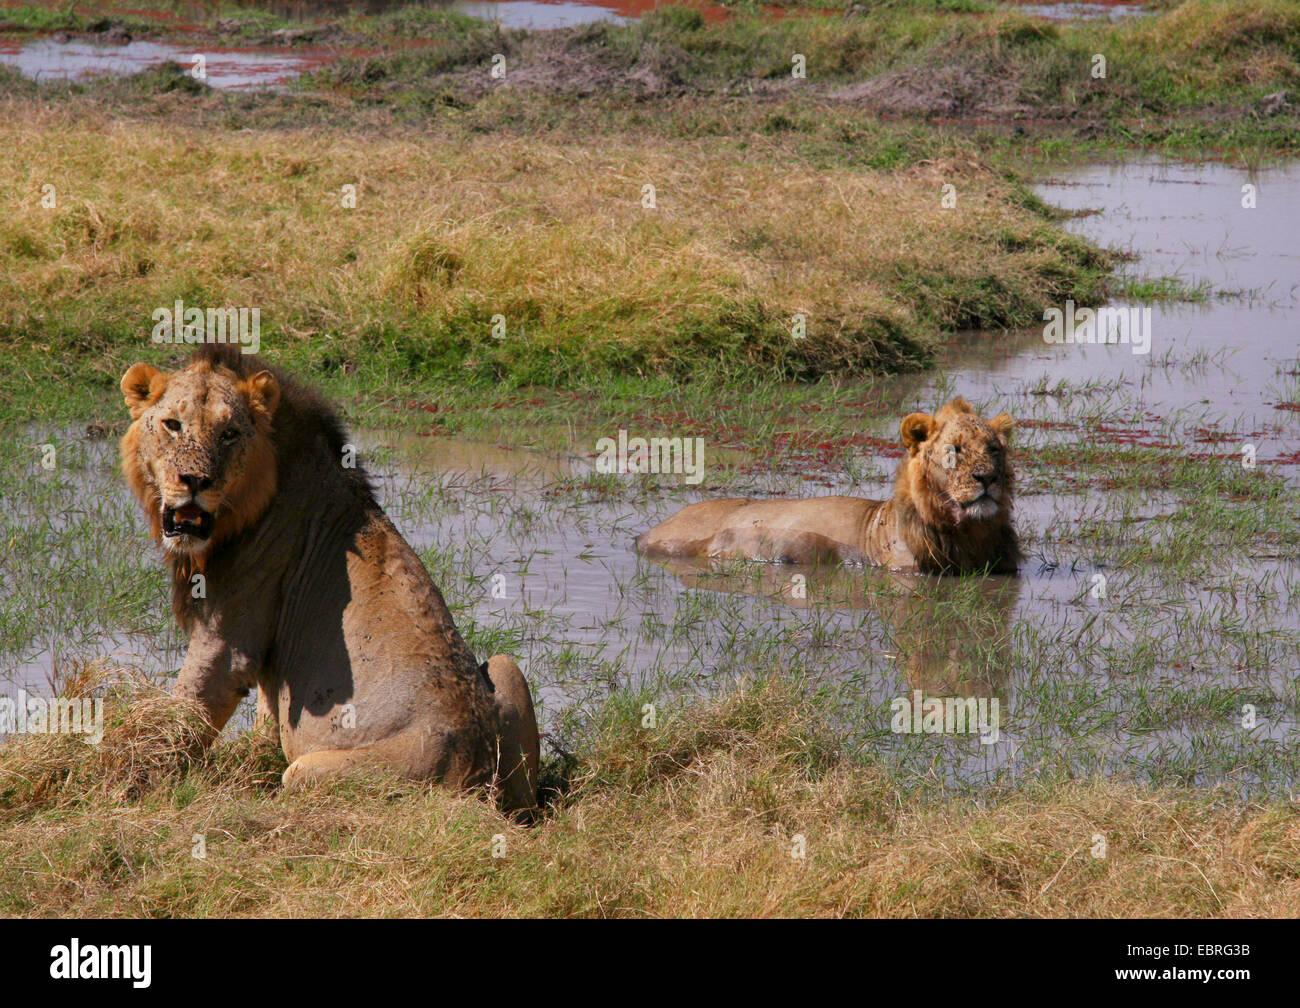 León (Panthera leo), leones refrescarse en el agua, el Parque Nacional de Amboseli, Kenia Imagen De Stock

==

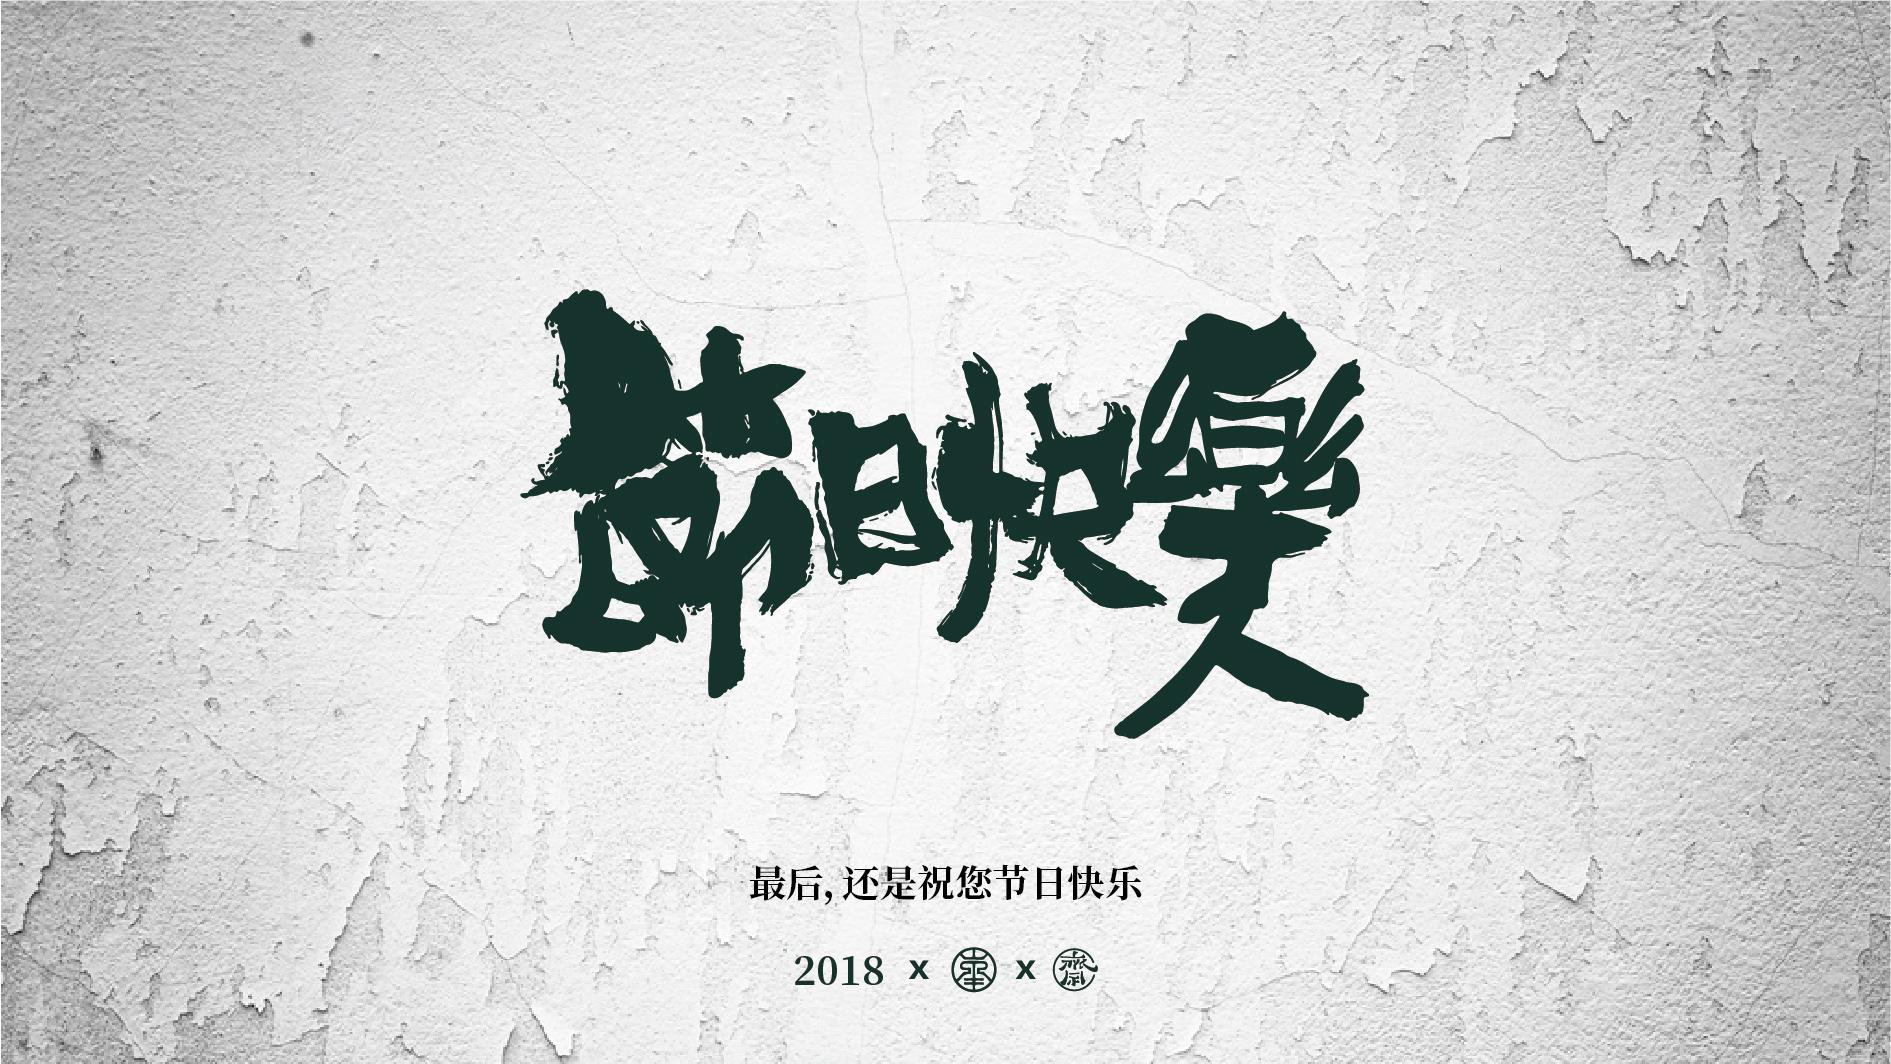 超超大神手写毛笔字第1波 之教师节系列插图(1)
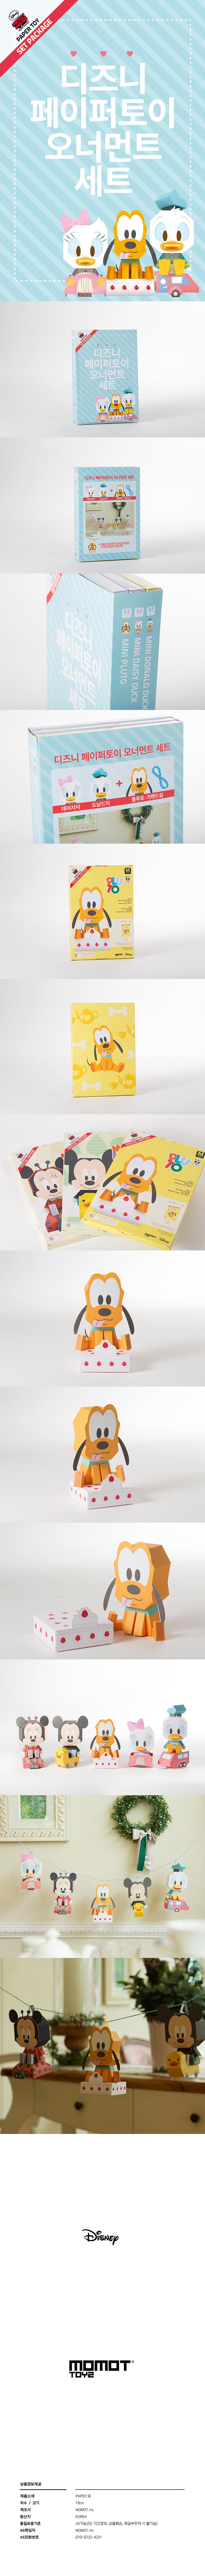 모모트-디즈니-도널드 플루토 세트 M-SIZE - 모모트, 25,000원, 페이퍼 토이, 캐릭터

Exercise description
Once the line with "超超大神手写毛笔字第1波 之教师节系列插图(1)" is found above, transcribe each line from it through the line with "모모트-디즈니-도널드 플루토 세트", exactly, and omit the pictures.

Exercise response
 超超大神手写毛笔字第1波 之教师节系列插图(1)
 모모트-디즈니-도널드 플루토 세트 M-SIZE - 모모트, 25,000원, 페이퍼 토이, 캐릭터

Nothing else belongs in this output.